Kerajaan Tangkombuno/Wawonii memiliki sistem atau struktur organisasi pemerintahannya sebagai berikut:
1.  Lakino, bertindak sebagai kepala pemerintahan atau pemegang tampuk kekuasaan dalam kerajaan.
2.  Kapala kampo (baca kampung) adalah pembantu Lakino dalam menjalankan roda pemerintahan di wilayah kekuasaannya masing-masing yang telah ditentukan Lakino. Jabatan kapala kampo ini identik dengan perdana menteri, dan dalam badan sara (lembaga adat) kedudukannya sebagai ketua badan Sara.
3.  Kapita, adalah sebagai pemimpin angkatan perang dan dalam badan Sara (lembaga adat) kedudukannya sebagai anggota biasa.
4.  Bonto, adalah sebagai pemimpin angkatan perang dan dalam badan sara (lembaga adat) kedudukannya sebagai anggota  biasa.
5.  Sedangkan lembaga sara atau lembaga adat adalah identik dengan badan legislatif.
Struktur Kerajaan Wawonii

MOKOLE/LAKINO
KAPALA KAMPO
KAPITA
BONTO
SARA/ADAT
 








Kerajaan Wawonii menurut sumber luar disebut Boboni dan Wowoni. Hal ini dijelaskan dalam sebuah sumber bahwa di sepanjang pantai Tombuku (Bungku) terdapat banyak pulau karang yang menghasilkan banyak tripang dan termasuk wilayah kerajaan. Hal itu yang terpenting adalah: dari selatan Boboni (Baca: Wawoni’i) yang menghasilkan beras merah  dan beras putih, rotan, dan kelapa.

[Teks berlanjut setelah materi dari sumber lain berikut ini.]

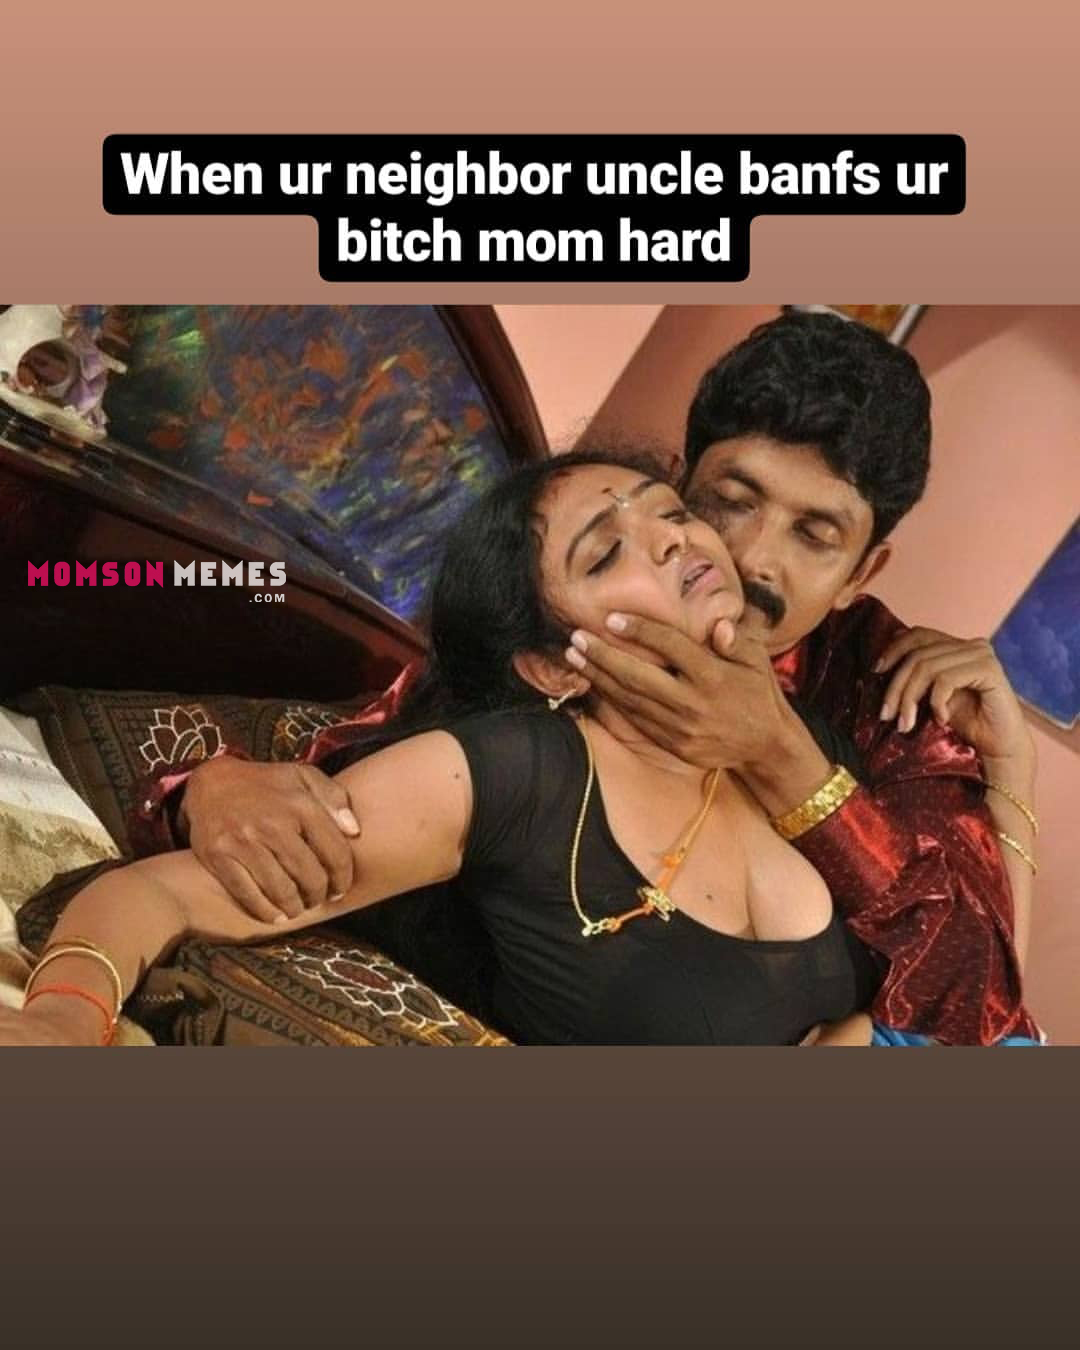 When your neighbour uncle bangs your mom!

Disana kita menemukan keladi dan buah-buahan dalam jumlah besar, seperti juga kerbau, dan kambing.[6]
Pulau Menui dan Wawonii dalam arsip dan dokumen Belanda biasa disebut dengan istilah “Manui dan Boboni atau Wowoni”. Selain itu pulau Boboni (Wawonii) juga dihuni yang tidak saya ketahui pastinya. Jumlah mereka diduga sangat banyak karena dilaporkan bahwa pulau itu memiliki kekayaan tanaman dan buah-buahan, kerbau, kambing sementara selanjutnya beras meras dan hitam, rotan, dan kelapa juga disetorkan. Juga pulau Menui (tetapi yang tidak saya sebutkan pada peta mungkin seperti Manui), menurut Tuan Bosscher dihuni dan menyetor hasil-hasil yang sama seperti Boboni. [7] Data tersebut menunjukan bahwa pulau Wawonii juga disebut sebagai pulau Boboni yang selalu menyerahkan upeti kepada Raja Bungku (Boengkoe). Wilayah Menui ditempatkan penguasa dengan jabatan Kapitan oleh Raja Bungku yang ditempatkan pertama adalah Kapitan Satofa Bin Laupeke yang nantinya menjadi Raja Bungku.[8]
Kerajaan atau Kesultanan Ternate selalu mengaknesasi Kulisusu, dan pulau Wawonii yang dianggap sebagai wilayah bagian Utara kekuasaan Kesultanan Buton.[9] Ada satu pulau lagi yang diakui sebagai wilayah kekuasaan Butun yakni Wowoni, terletak disebelah utara pulau Buton. Akan tetapi pulau ini masih menjadi pertikaian antara Butun dan Ternate sampai pertengahan abad ke-19. Daerah ini menjadi daerah rebutan dan hegemoni beberapa kerajaan di Kawasan Timur diantaranya kerajaan Konawe, Kerajaan Ternate (Bungku), Kerajaan /Kesultanan Buton, dan Kerajaan Laiwoei.  
Pada paru pertengahan abad ke-19 telah terjadi perlawanan terhadap  Pemerintahan Hindia Belanda oleh  Mokole  Barala yang memerintah sejak tahun  1820-1901 . Untuk  melakukan perlawanan Palari mengerahkan sebanyak 300-an pasukannya mengempur pasukan Belanda. Memiliki struktur pasukannya yang bertindak sebagai panglima  bernama Labawo, dibantu oleh Muh. Gazali Taslim.   Perlawanannya dilakukan di laut dengan menggunakan darangka (perahu). Bukti perlawanan Mokole Palari di dekat tanjung tempat mendaratnya  puu tubu Langara.  Selain itu Mokole Barala menghadapi gangguan perompak bajak laut Tobelo, dan berhasil mengusir Tobelo. Pada tahun 1870 masa pemerintahan beliau Kerajaan Wawonii berhenti menyetor pajak kepada Kesultanan Buton. (Encylopedia van Nederslands Indie, 1917, 1936)
Pada tahun 1870 Wawonii berhenti menyerahkan pajak atau upeti pada Kesultanan Buton, pada tanggal 15 April  1914 Sultan Buton melepas Wawonii dan resmi bergabung dengan Onderafdeeling Kandari/Laiwoei atau Konawe. Konawe Kepulauan bergabung dalam pemerintahan kabupaten Kendari 1964-2003 dan 2003 sampai 2013. Tahun 1917 resmi bergabung dengan Konawe (Onderafdeeling Kendari) atas usaha yang dilakukan oleh Haji Laasamana atau Tata dan Kepala Distrik Wawonii H. Muhammad Gazali gelar Laki Sabu.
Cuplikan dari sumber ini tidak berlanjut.